Records provided:
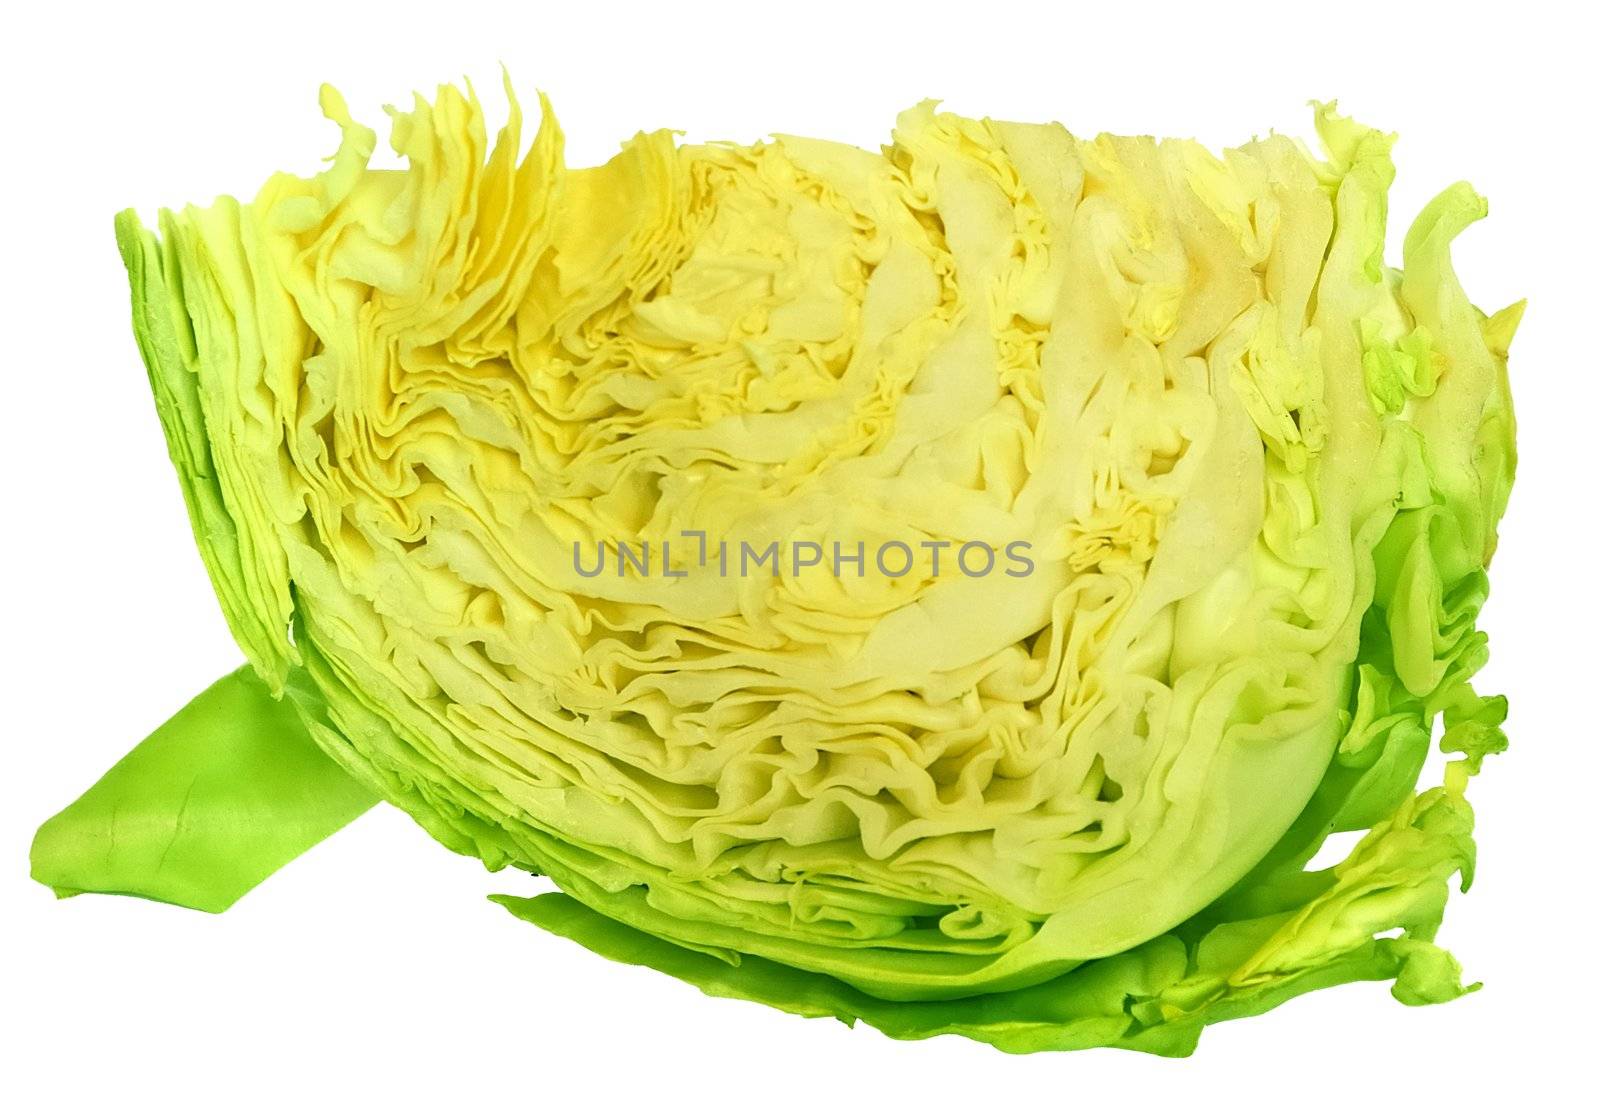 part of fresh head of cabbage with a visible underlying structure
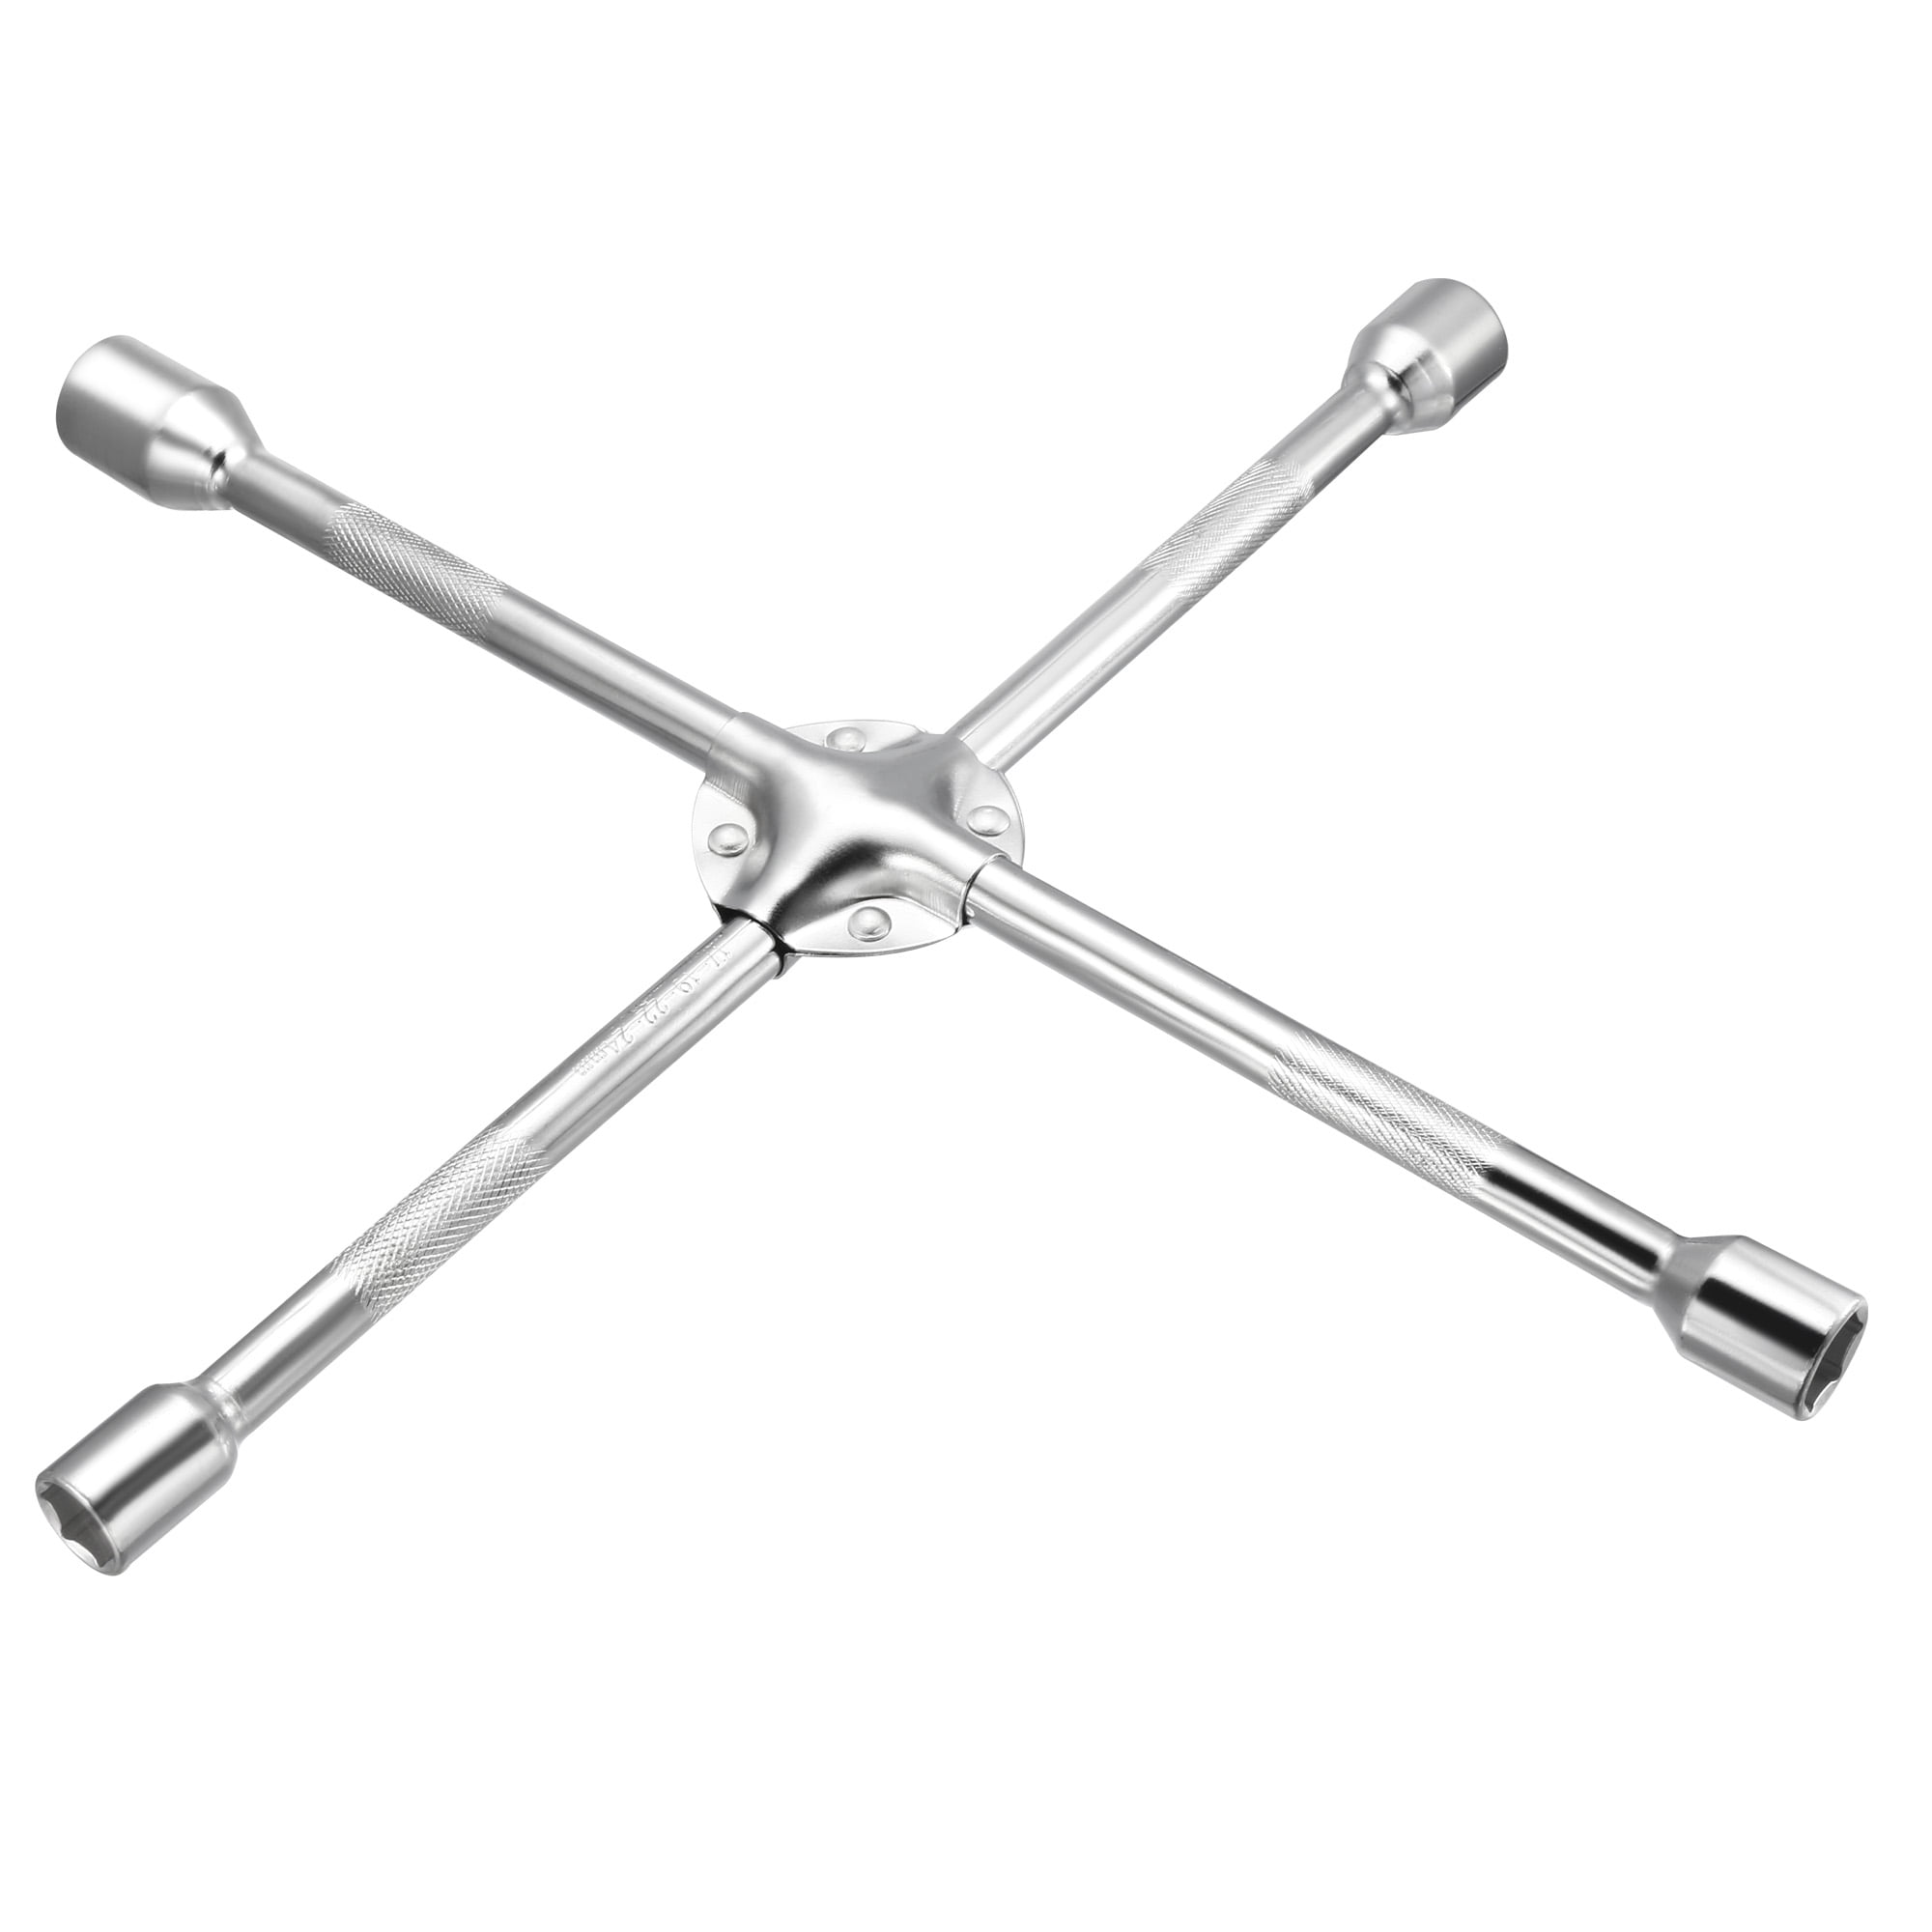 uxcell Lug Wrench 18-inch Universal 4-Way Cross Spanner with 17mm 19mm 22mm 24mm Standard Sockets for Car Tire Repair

* * *

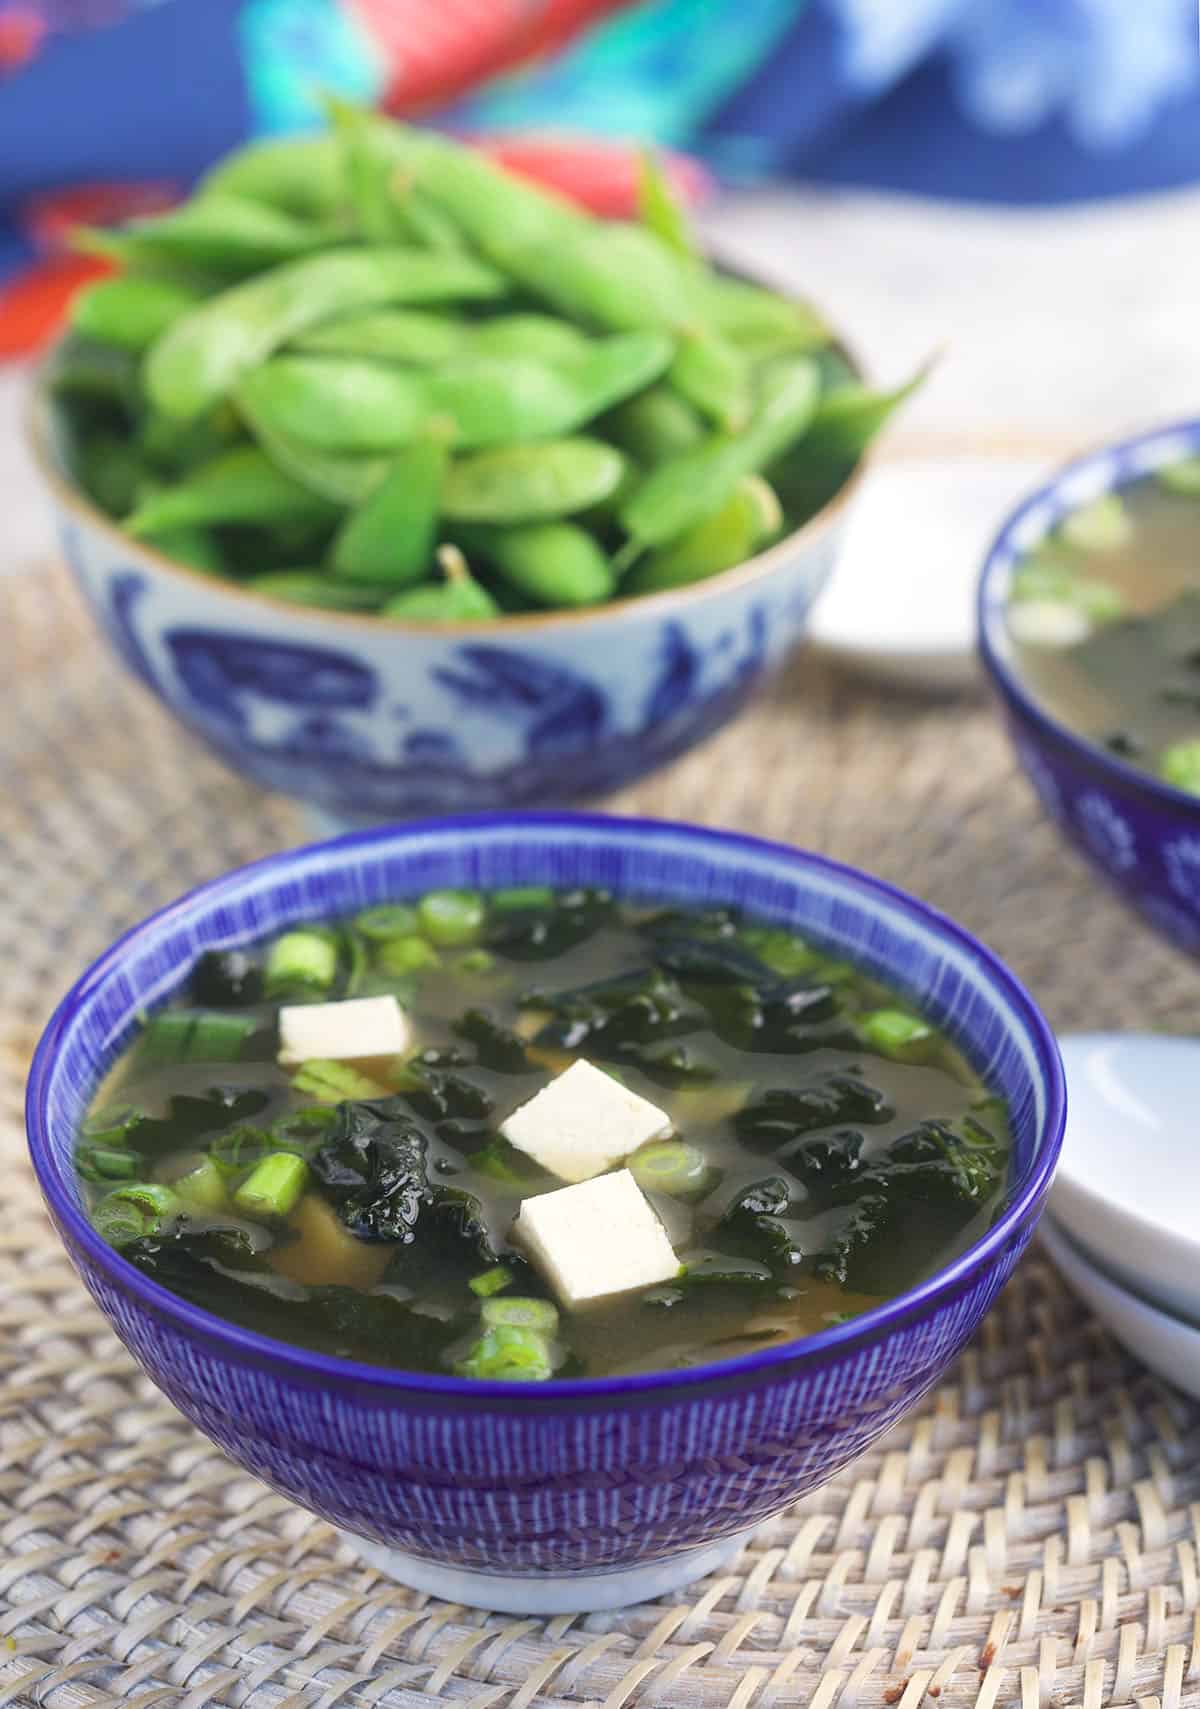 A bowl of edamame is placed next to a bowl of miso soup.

Task directions:
Would you write out exactly the lines above, starting at the line containing "part of fresh" and stopping after the line containing "uxcell Lug Wrench"? Omit the pictures.

Written answer:
 part of fresh head of cabbage with a visible underlying structure
 uxcell Lug Wrench 18-inch Universal 4-Way Cross Spanner with 17mm 19mm 22mm 24mm Standard Sockets for Car Tire Repair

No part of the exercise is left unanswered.